Allen and his six siblings grew up with a strong equestrian influence, since their father owned and developed racehorses. Allen began riding at a local stable, and soon began competing. He then trained with Mag and Con Power; the helped him join Billy Twomey, who has influenced Allen's career.

He had successfully competed on ponies, winning every championship at the Dublin Horse Show and individual gold and team silver medals at the European Championships on Bishop Burton in the pony jumper classes in 2010. Allen competed on horses as a juniors, winning a team gold medal with Wild Thing L in 2012 and an individual silver medal with Molly Malone V in 2013. Twomey found Allen's early horses, Romanov, Molly Malone V and Wild Thing L, on whom he was successful.

At age 15, Allen moved to Hünxe.

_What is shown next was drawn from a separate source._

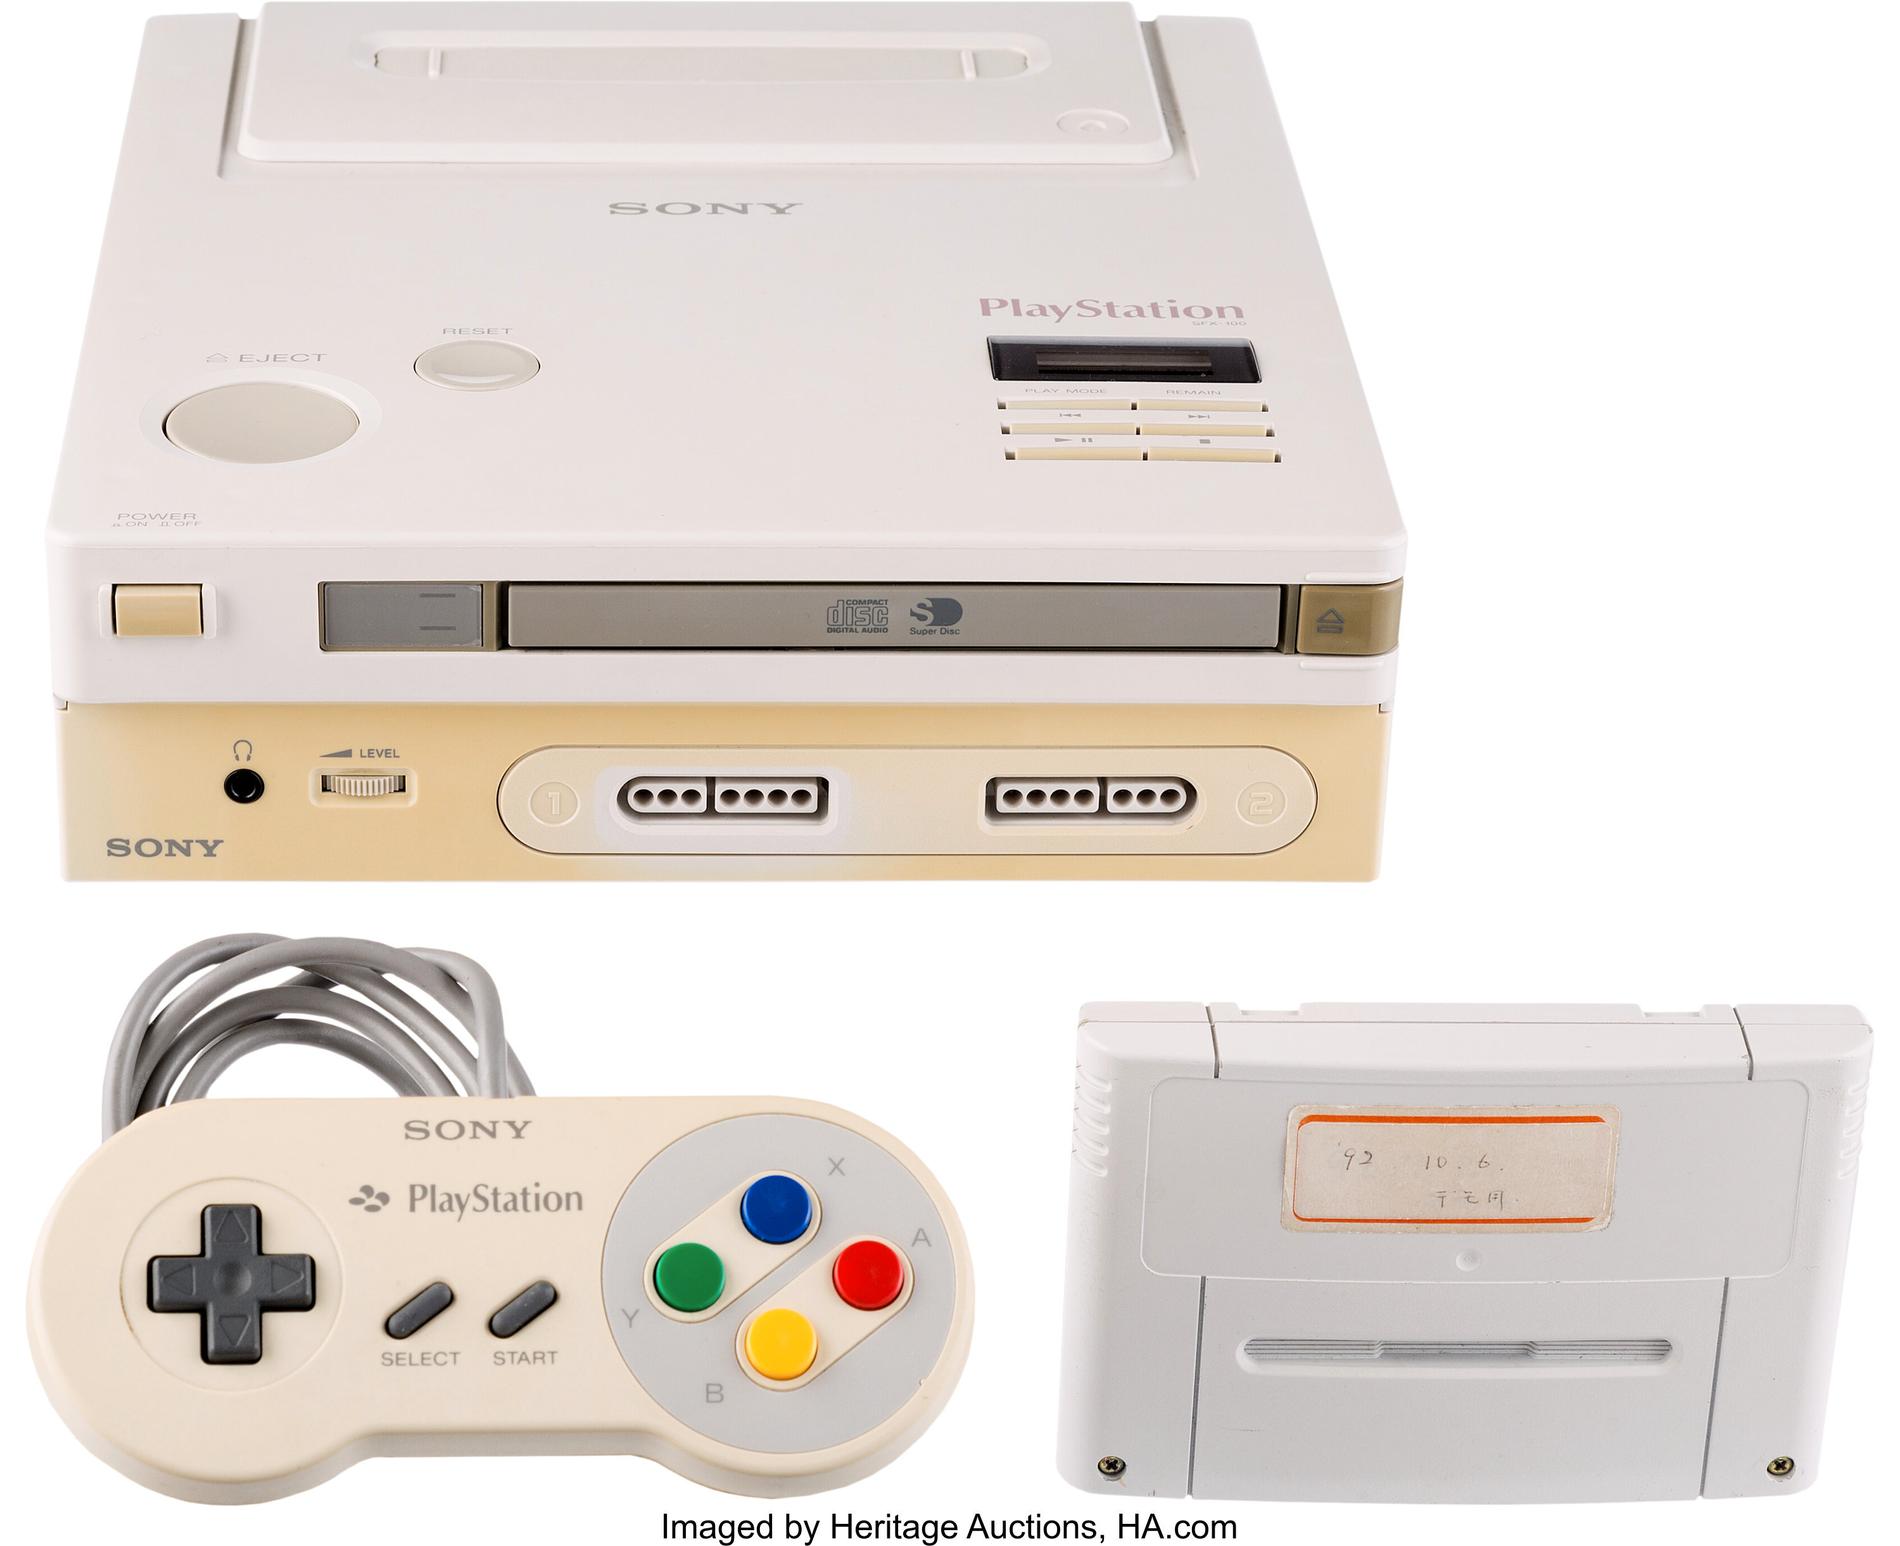 Så här ser den ut, Nintendos och Sonys gemensamma konsol som aldrig släpptes. Pressbild.
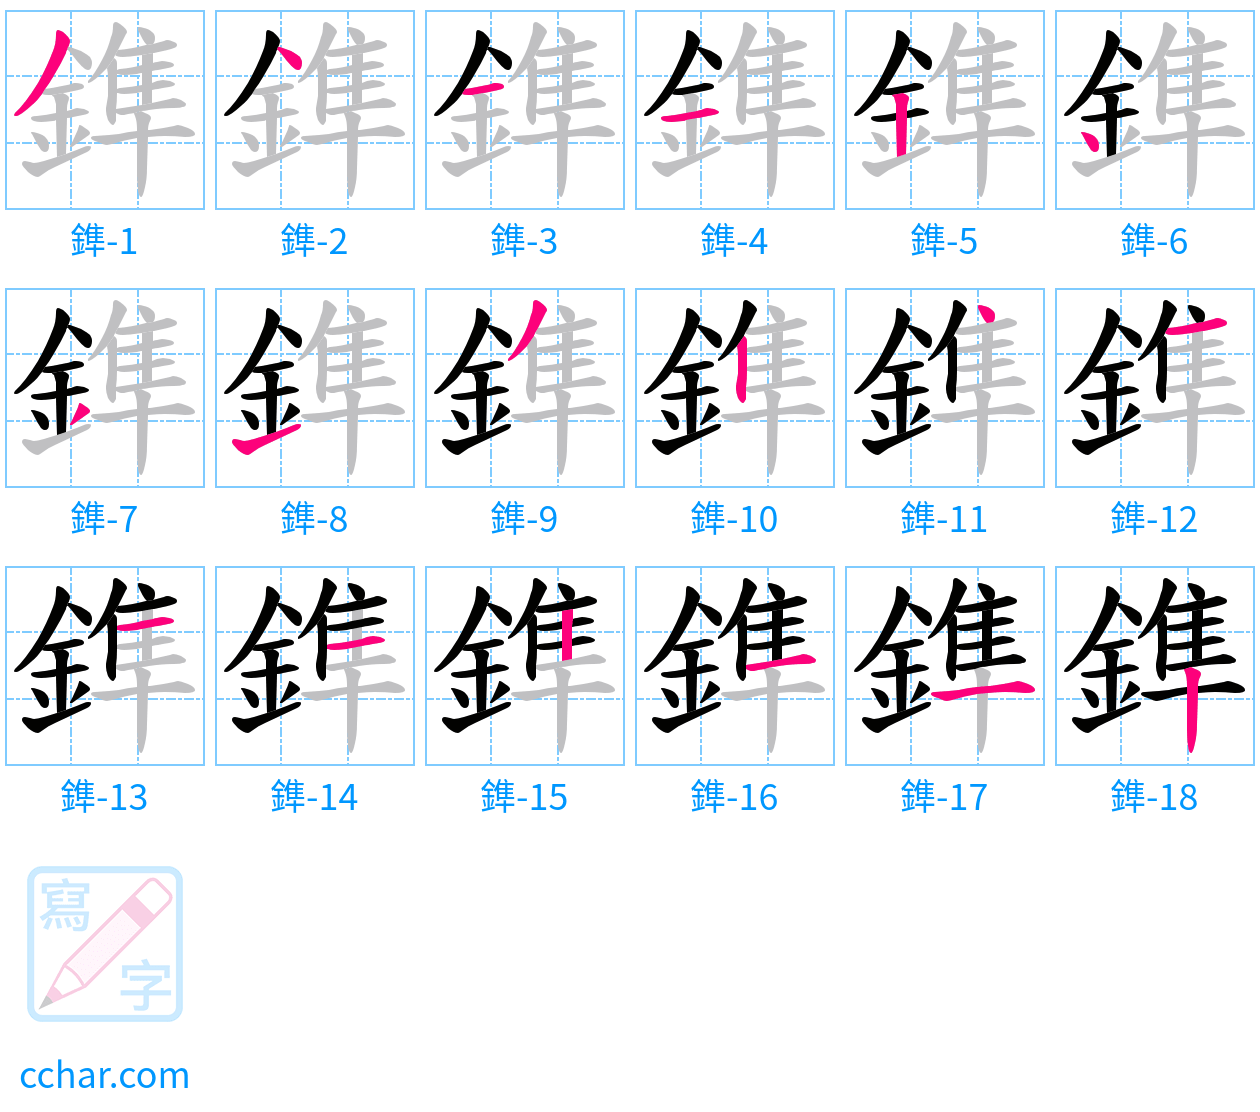 鎨 stroke order step-by-step diagram

He rode his first senior competitions at age 17, where he jumped a double clear round in his first Nations Cup. Allen was introduced to Marcus Ehning (whose stable is 20 minutes away from Allen's) around this time, and Ehning became Allen's trainer.

== Professional career ==
Allen was successful early on the senior international level. At age 18 he won the opening speed round of the 2014 World Equestrian Games in Normandy, finishing seventh overall. Allen finished third overall at the World Cup Jumping Finals in Las Vegas; both were on Molly Malone V. He won the 2014 Dublin Grand Prix on Molly Malone V, and was a member of the Irish Nations Cup team at Dublin (on Romanov) which won the Aga Khan Trophy. Allen is also the youngest rider to win a 5* Grand Prix on the Global Champions Tour, in Paris in 2015.

Allen was not chosen for the 2016 Olympic Games in Rio de Janeiro. At the 2015 London International Horse Show, Allen was disqualified due to the "blood rule" when he drew blood from excessive use of spurs.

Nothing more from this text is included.